Peri kızı dualarında unutma beni,
Ve bütün günahlarımı.

Hamlet, Shakespeare
Çev. S. Eyuboğlu

8 yorum:

Ayça Yaşıt dedi ki...

Ophelia çıldırır ve Nil'in azgın sularında "olmama"yı seçer.

Sevgiyle...

endiseliperi dedi ki...

kehanetiniz doğru, atze hanım:p ama sorarım size; çıldırmışların seçeneğinden bahsedebilir miyiz? çıldırmak, aklın ablukasından taşarak kendi bildiğini okutmaz mı insana?
:)
canım atze. hangi yaratığın peşinden, kimbilir hangi alemlerdesin şimdi. öpüyorum. sevgiler.

Ayça Yaşıt dedi ki...

Ophelia'nın çıldırmışlığı anlayanı hayran bırakır. Kimse üstünde yeteri kadar durmamıştır, Ophelia'da bunu ister zaten. Kediler gibi ölmeyi bilir, kimsecikler yokken, sezdirmeden. Ortalığı velveleye vermez, Hamlet'ine kavuşurcasına süzülür suya, ne de mutludur.

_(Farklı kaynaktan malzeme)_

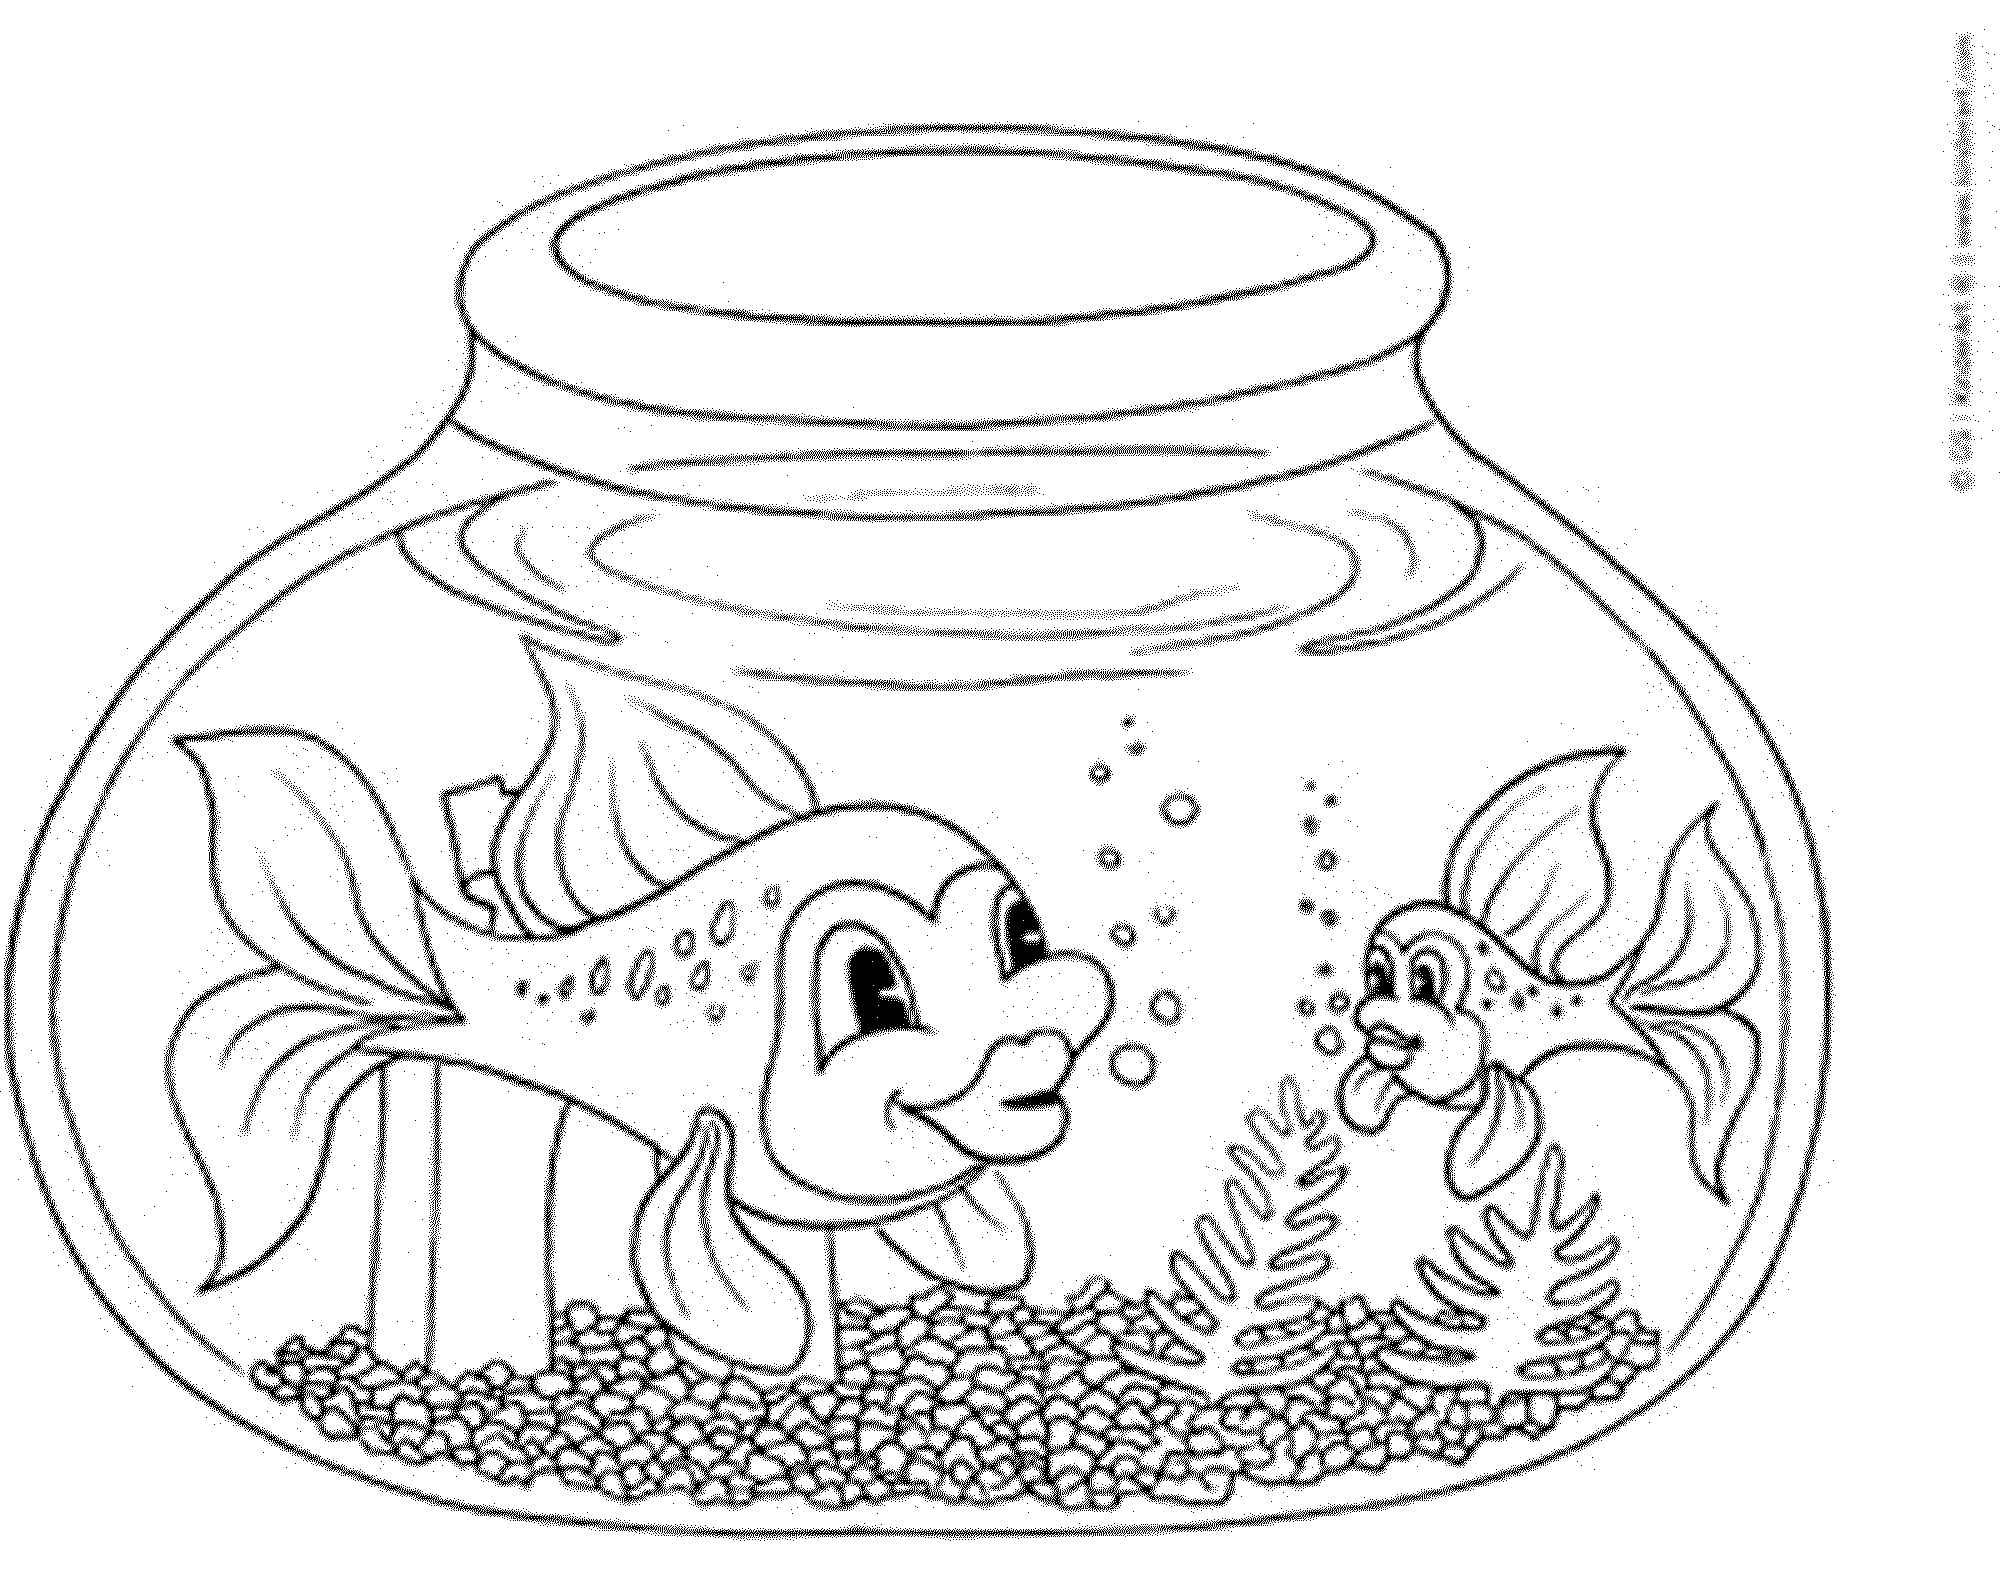 Картинка для раскрашивания рыбки: Детские раскраски рыб

Ben severim delileri, çıldırmışları, birbirimizi tanır, selam veririz. :)

Delinin biri koşturuyormuş meydanda "Yumurtalaaaaaar! Yumurtalaaaar!", o sırada taksiye binen bir şairin camına burnunu yapıştırmış, zamanı durdurmuş, nezaketle "kabuğunuzu kırın." demiş.

Gülücükler.

endiseliperi dedi ki...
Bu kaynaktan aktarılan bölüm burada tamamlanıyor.